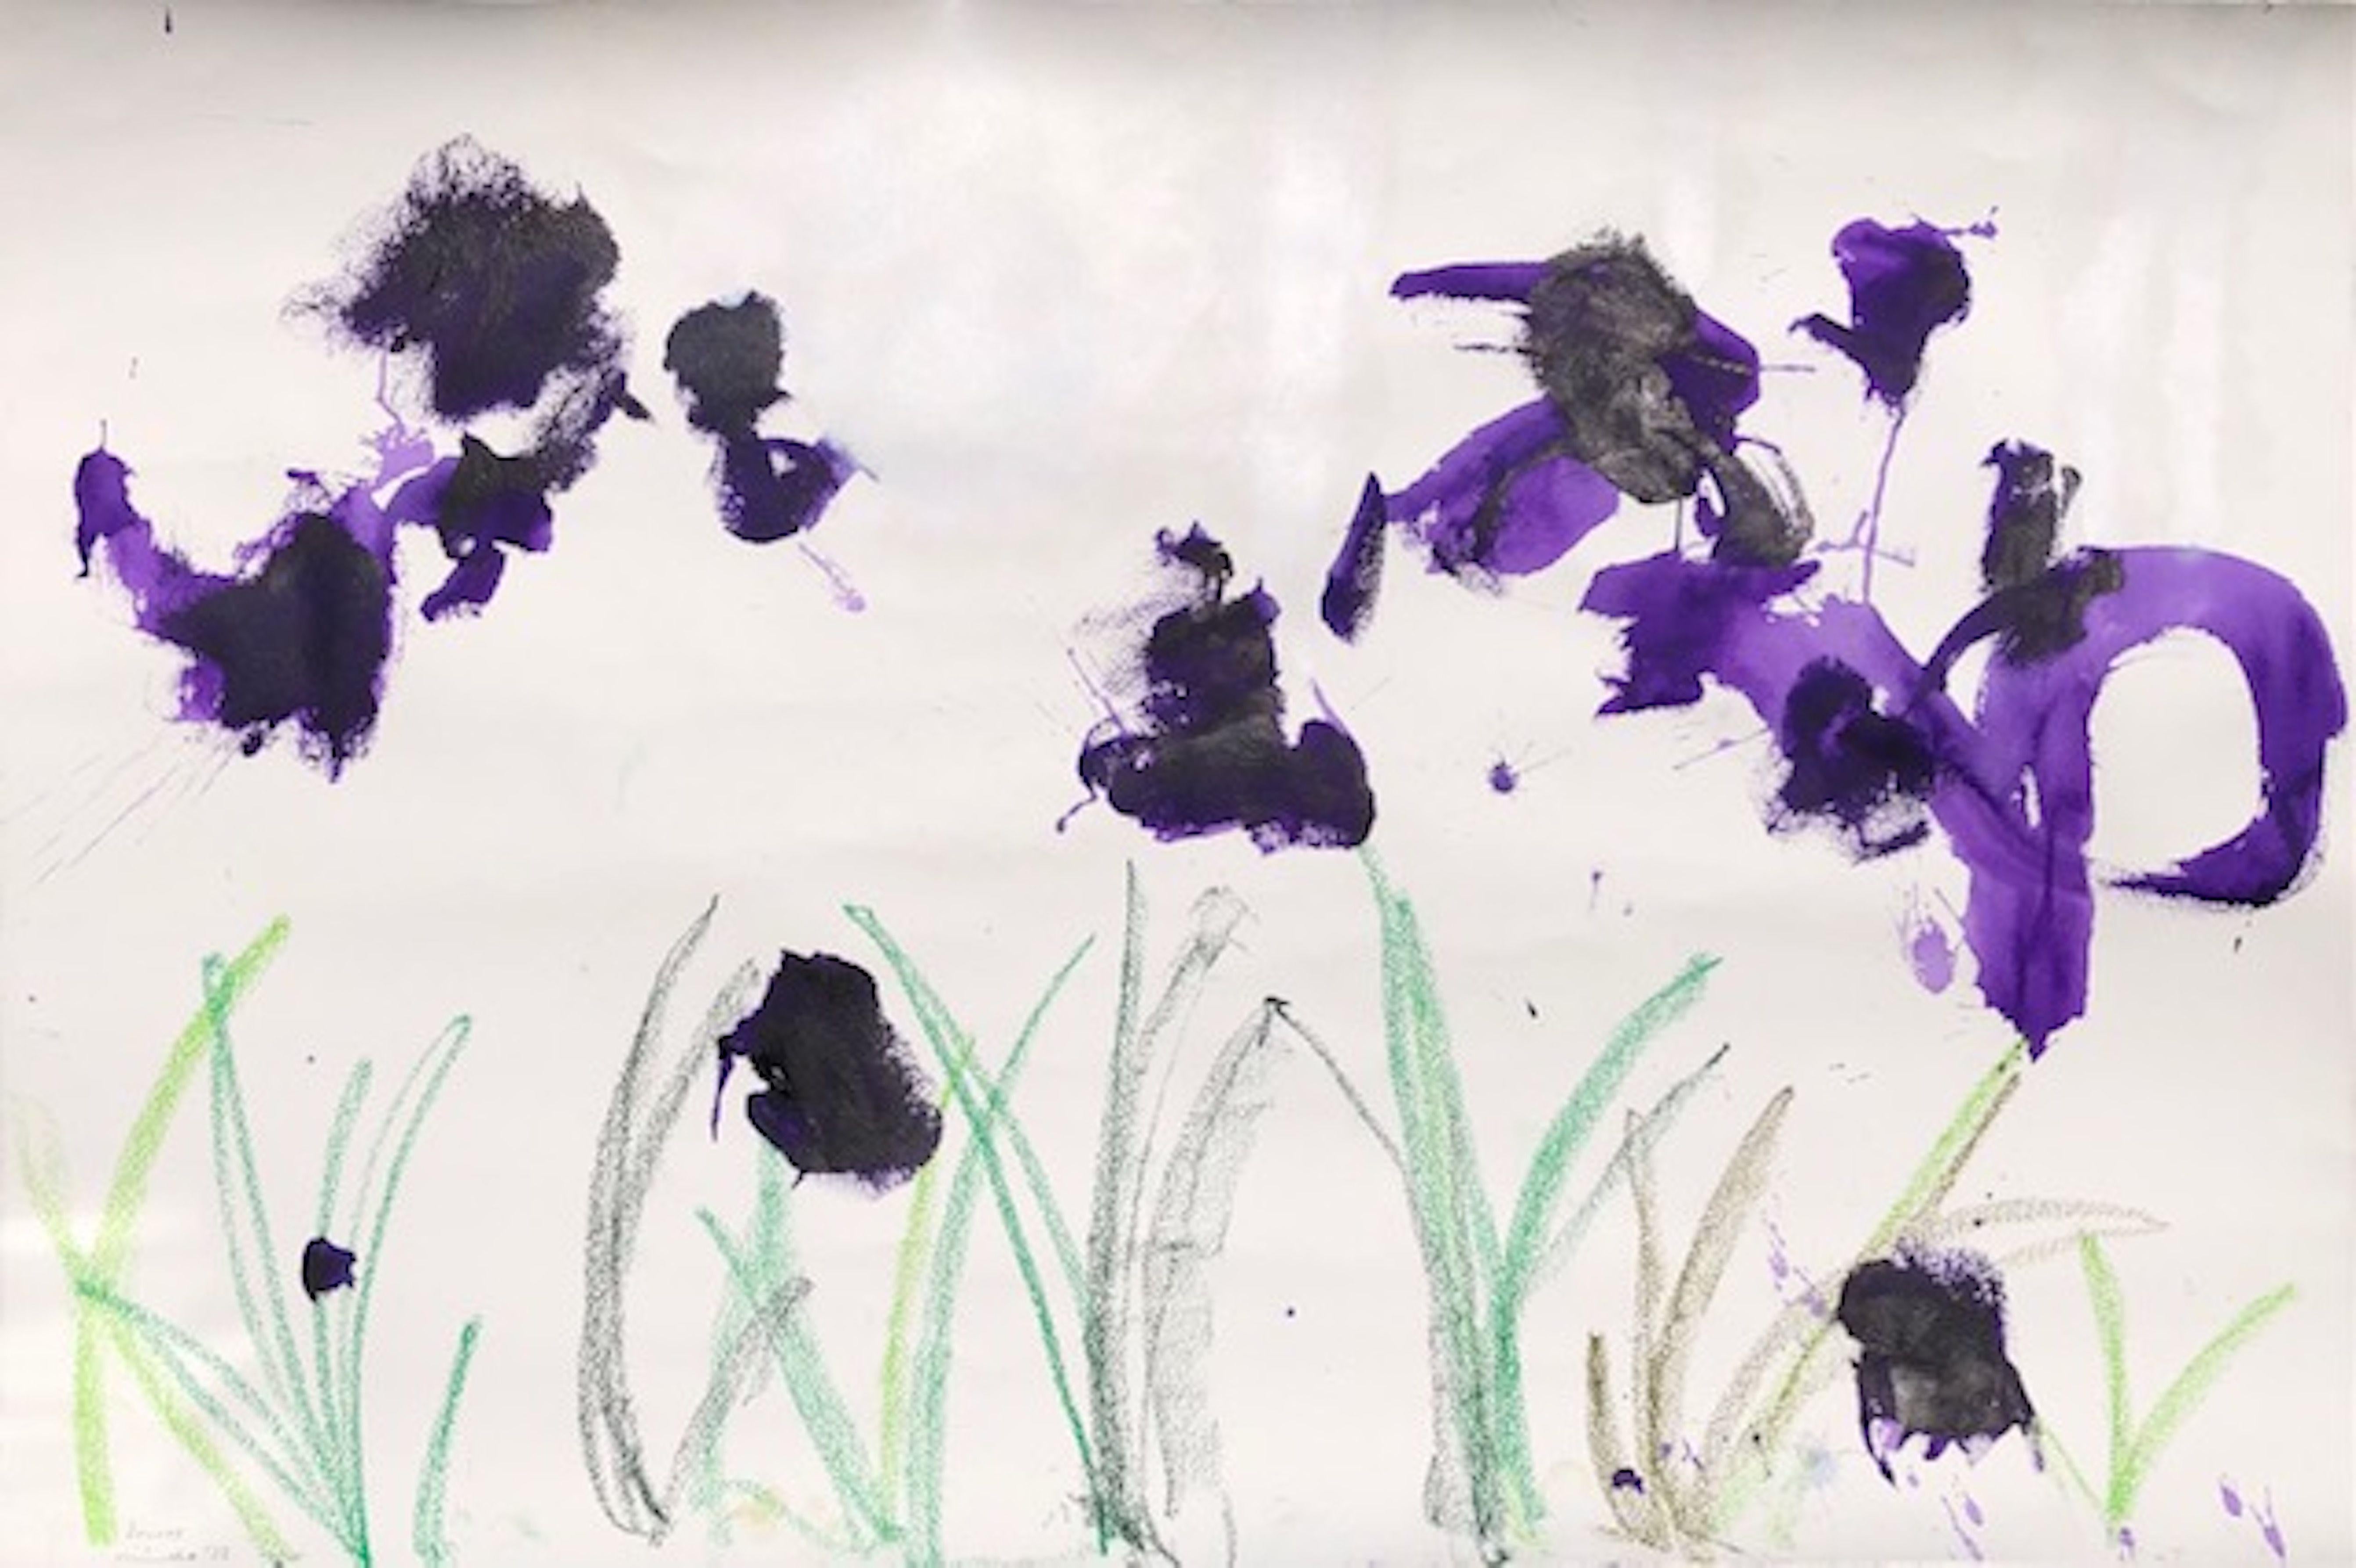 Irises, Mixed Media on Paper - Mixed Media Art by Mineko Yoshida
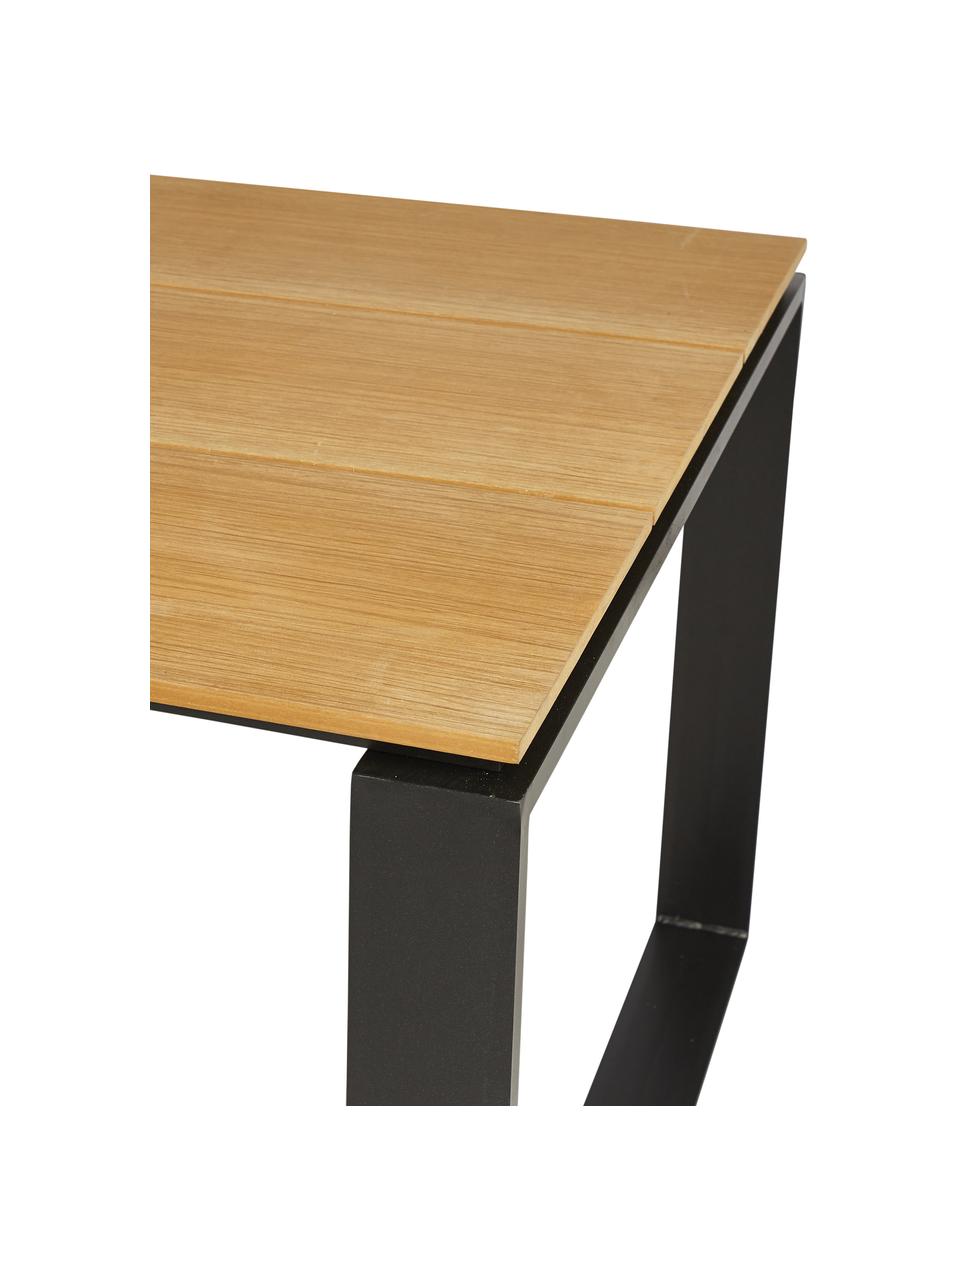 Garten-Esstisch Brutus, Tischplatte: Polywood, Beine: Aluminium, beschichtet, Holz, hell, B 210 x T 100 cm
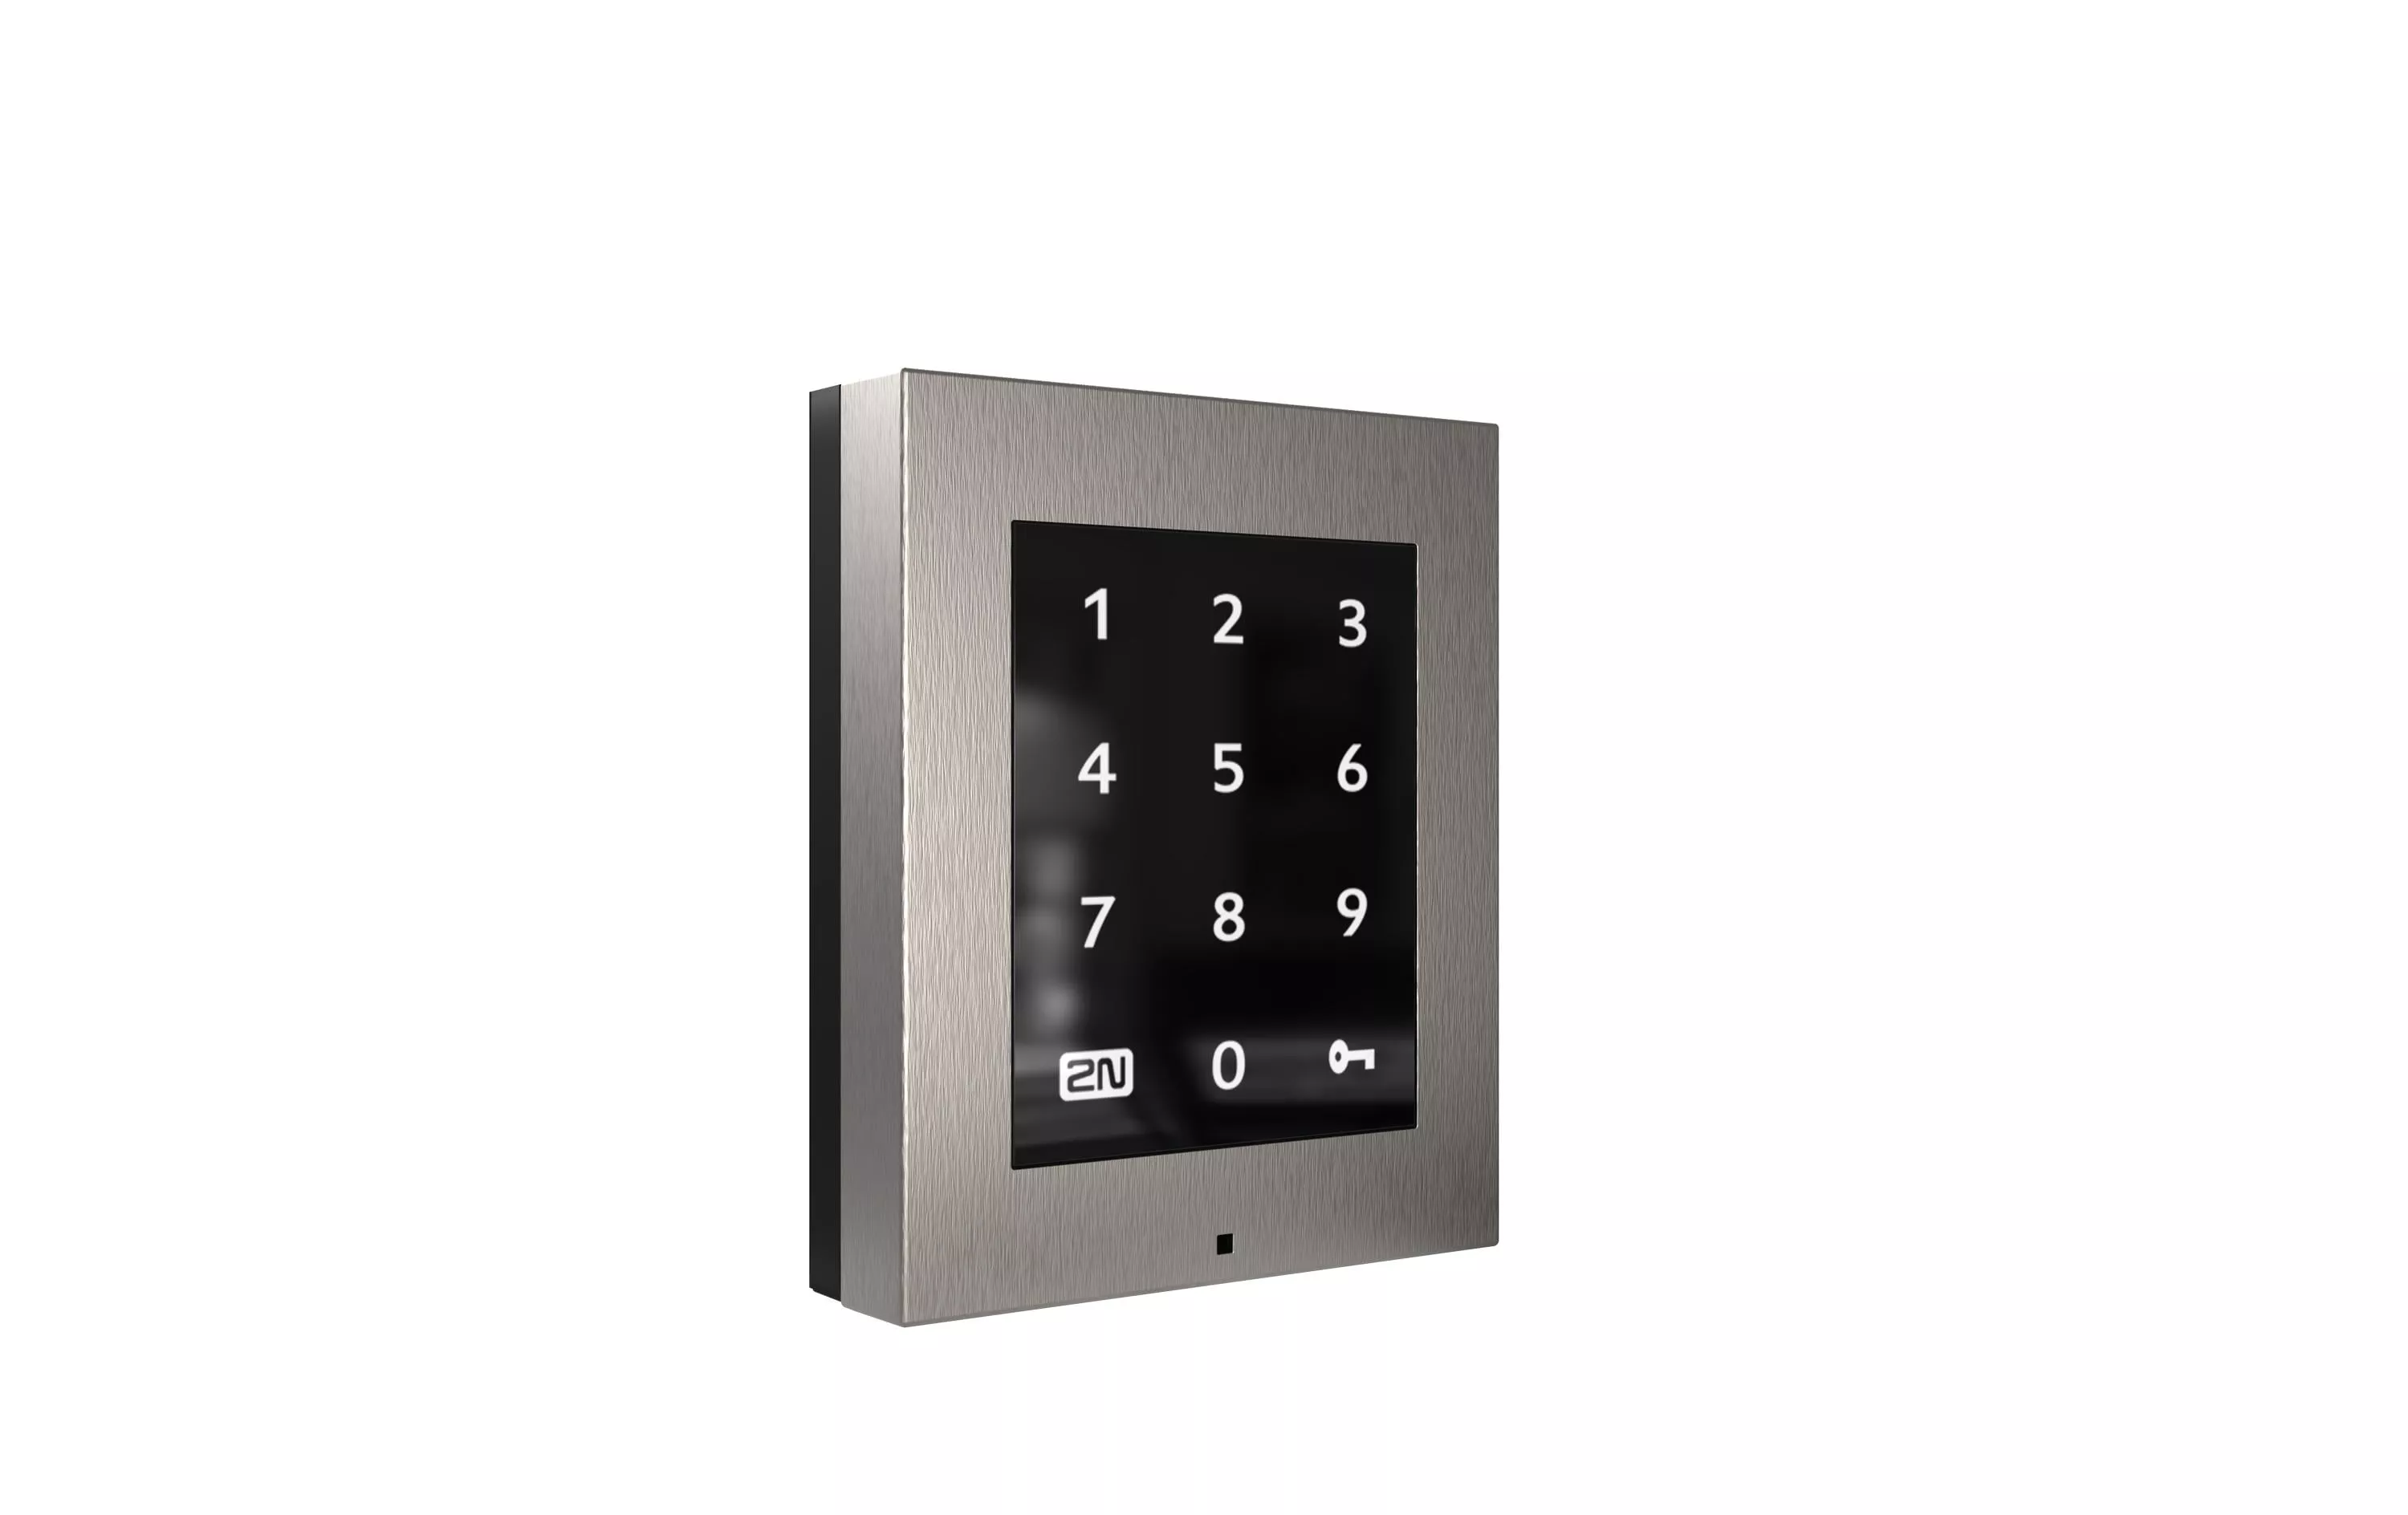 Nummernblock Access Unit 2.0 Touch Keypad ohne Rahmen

########################################

EXERCISE DESCRIPTION: Transcribe all of the lines above exactly as given. The pictures stay out.

WRITTEN SOLUTION:
 Irises, Mixed Media on Paper - Mixed Media Art by Mineko Yoshida
 Garten-Esstisch Brutus, Tischplatte: Polywood, Beine: Aluminium, beschichtet, Holz, hell, B 210 x T 100 cm
 Nummernblock Access Unit 2.0 Touch Keypad ohne Rahmen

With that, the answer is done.